H&F 2 – getting back to normal

 Visiting the new roundel at Hammersmith tube station
Visiting the new roundel at Hammersmith tube station

The past few weeks have seen a real post-covid reopening, I just hope it can continue.

  • I gave out medals to the riders at Wormwood Scrubs Pony Centre, alongside Anneka Rice who built the riding school there 20 years ago. The Centre is a hidden treasure of our borough, please give it your support.
  • This weekend I heard the brilliant Addison Singers perform Faure’s Requiem, their first concert in two years. Their next appearance is at St Saviour’s Wendell Park on 7 December in support of the Upper Room charity, who I often plug as their patron and will do so again. If you can’t attend, consider donating to this wonderful local charity – and if you do so between now and 7 December your donation will be doubled, thanks to the Big Give.
  • I was able to visit Wormwood Scrubs prison again and did so twice. First, the official opening of the Escape restaurant by Mayor Sadiq Khan who has funded it to train prisoners as chefs so they can find a job on release. Second, with the shadow prisons minister to look at conditions after 18 months of Covid.
  • Hammersmith now boasts the London MindSports Centre, a great new local facility for the whole community. Created from the old Salvation Army Hall in Dalling Road, the centre has been newly refurbished. It hosts a bridge club, go centre, various chess clubs and is keen to increase its games offerings. It also has rooms available for hire to other local groups in the daytime and evenings. You can contact the centre on 07713 322420 or manager@ycbc.co.uk.
  • I stopped by the Happiness Roundel on Hammersmith station with its creator Dan Vo – part of the TfL’s celebration of London’s LGBT+ community.
  • It was good to have a full service of Remembrance at Shepherds Bush and Fulham this month after last year’s constrictions. I have never seen so many people lining the route and attending the ceremony in 35 years. We also welcomed some of the troops from Operation Pitting to the Commons last week. These were the UK forces who helped 15,000 Afghans out of Kabul as the Taliban took control, including some families with relatives in H&F.

Absent friends

Two events will stick in my memory from the last few weeks. The first is the death of David Amess, murdered as he went about his job as an MP helping constituents. I knew David quite well through the group on fire safety he chaired and which had both highlighted the risks and pursued the culprits of Grenfell and other tragedies. We agreed on little in politics but rather than dispute found something we both cared about and could work together to achieve. I will miss his energy and positivity and genuine affection for people.

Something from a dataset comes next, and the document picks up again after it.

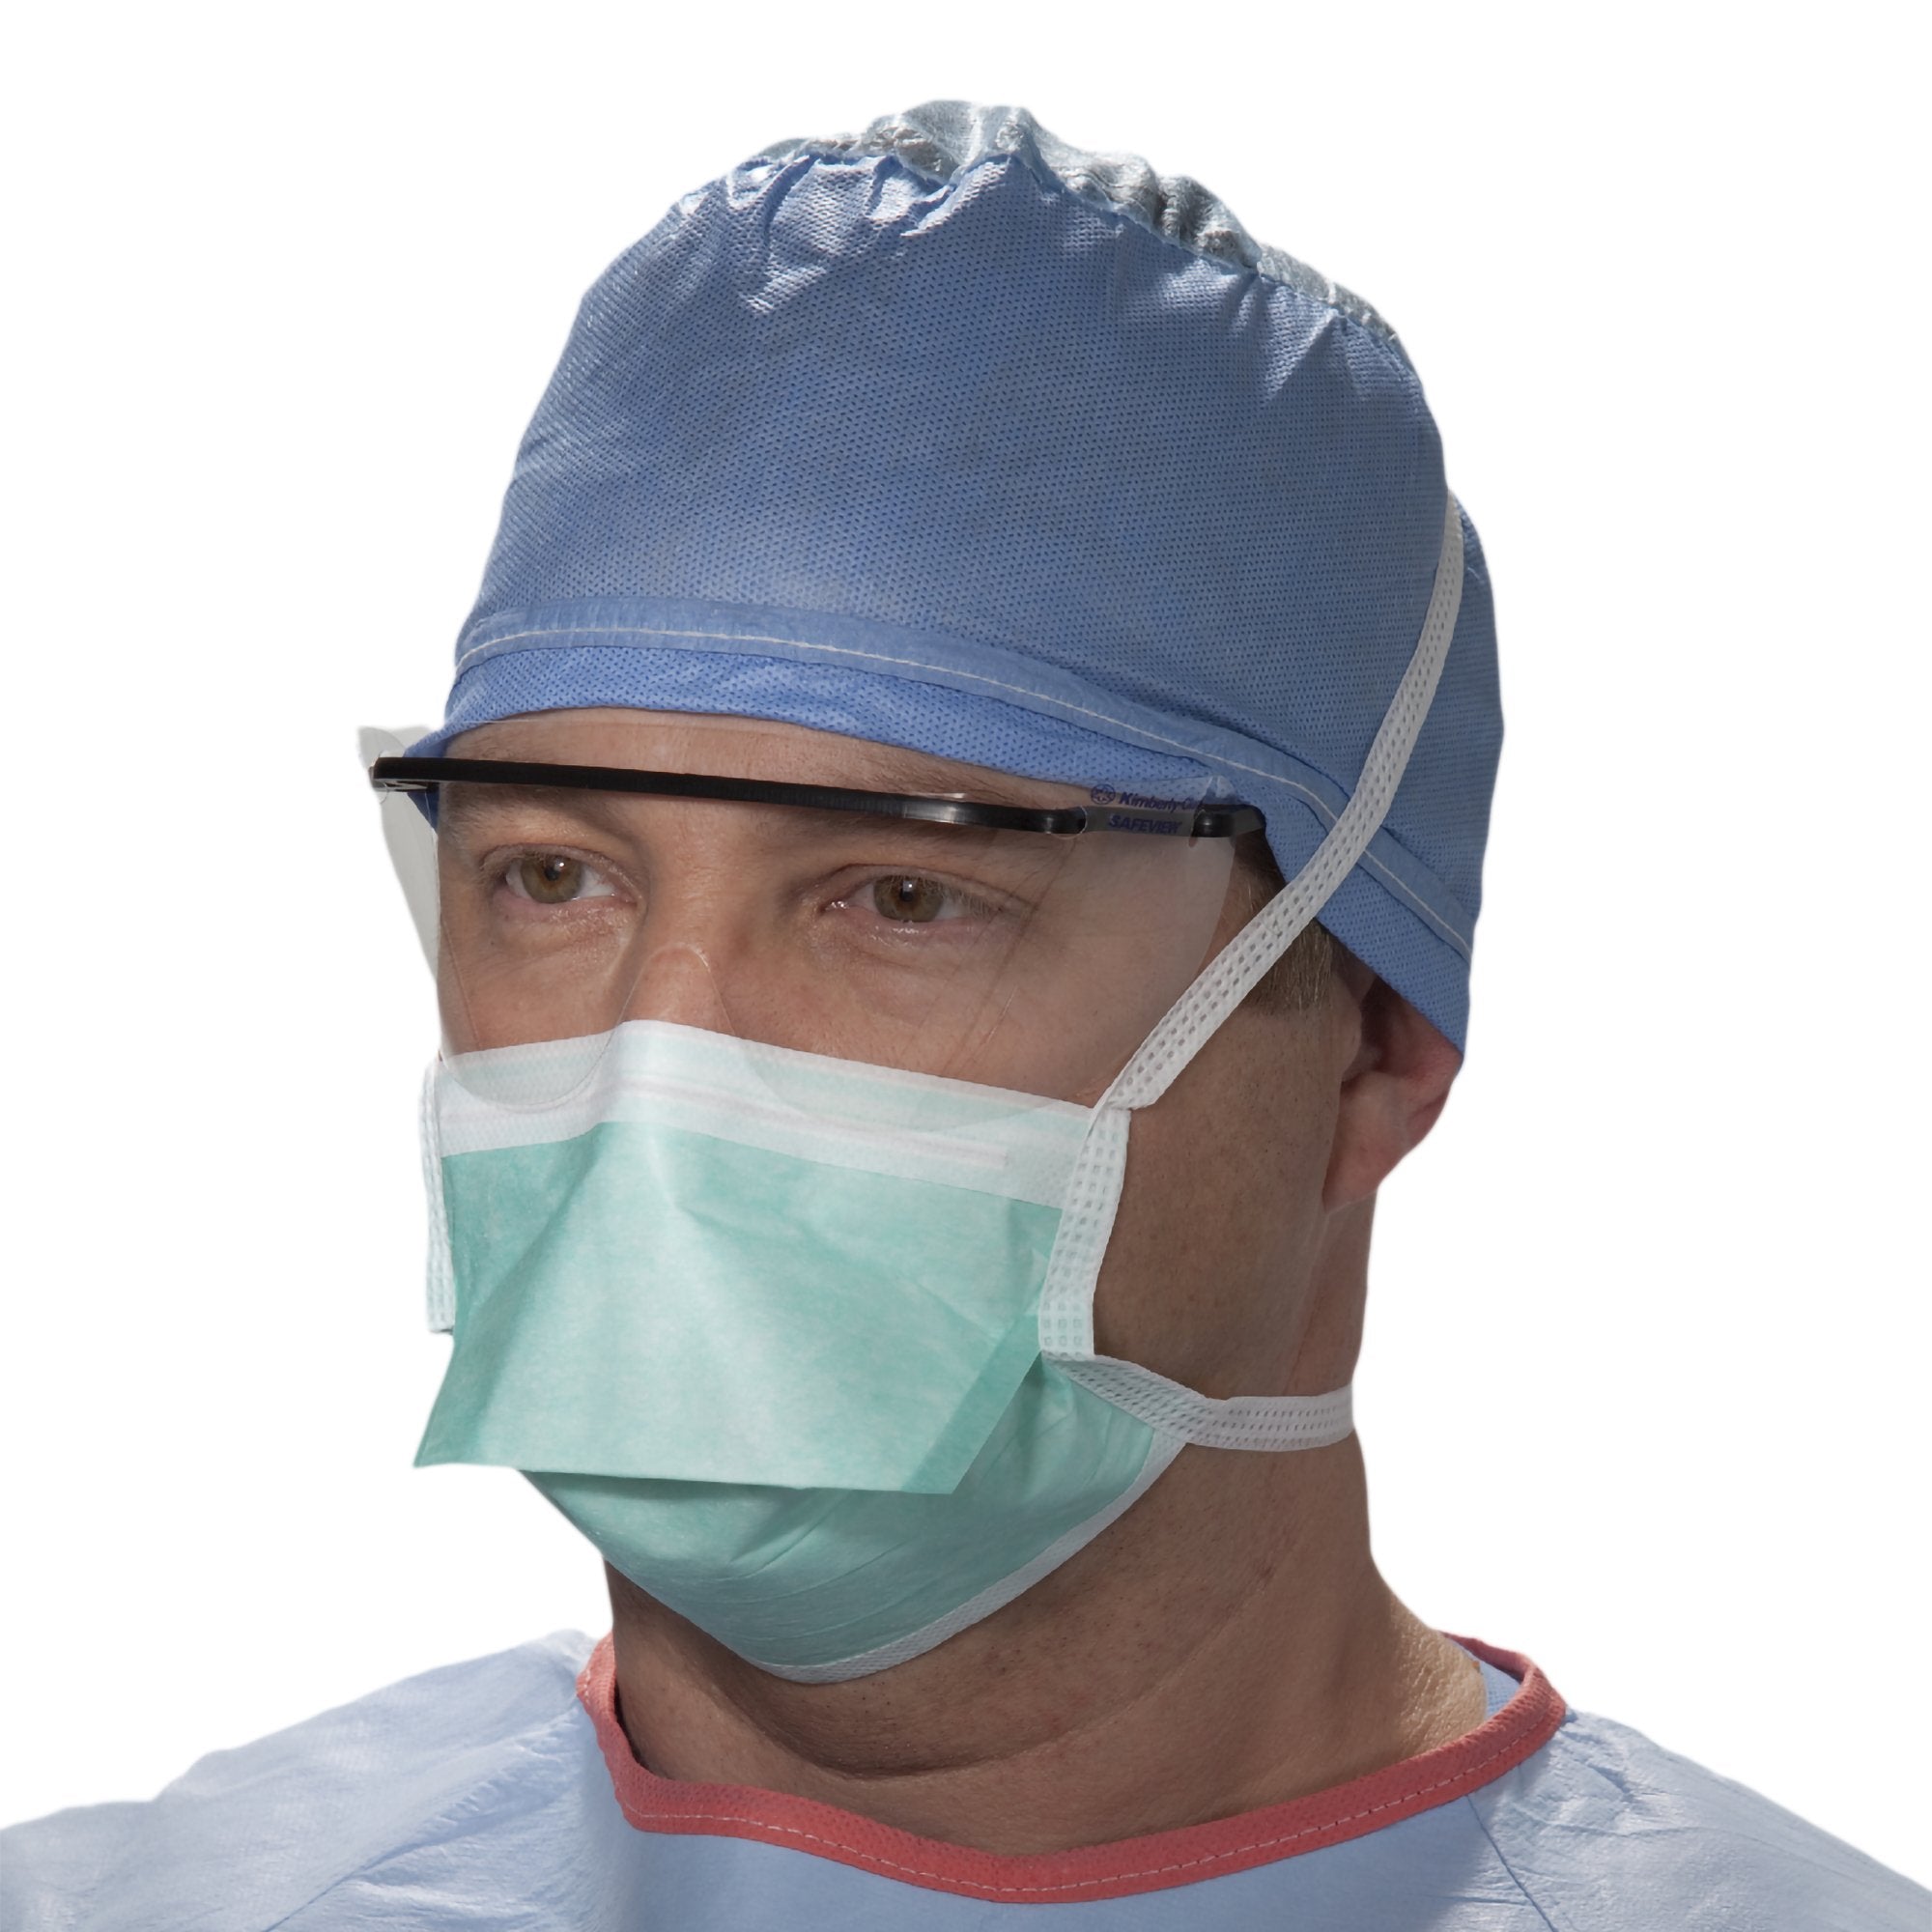 Surgical Mask Halyard Duckbill Tie Closure One Size Fits Most Green NonSterile Not Rated Adult

I will also miss Melanie Whitlock who was a lynchpin of the Hammersmith Society for 40 years but has just moved to Edinburgh to be near her family. Melanie was a brilliant advocate for the borough and a charming but forceful advocate for our heritage, community and environment. At her farewell party I looked around the room and saw people I have known for several decades, whose interests and politics differ hugely but who have all given their time and skills to improve the quality of life in Hammersmith. Melanie epitomised the tradition of civic service and good neighbourliness that thrives here and in much of the country. She will be missed for the work she did and the example she set.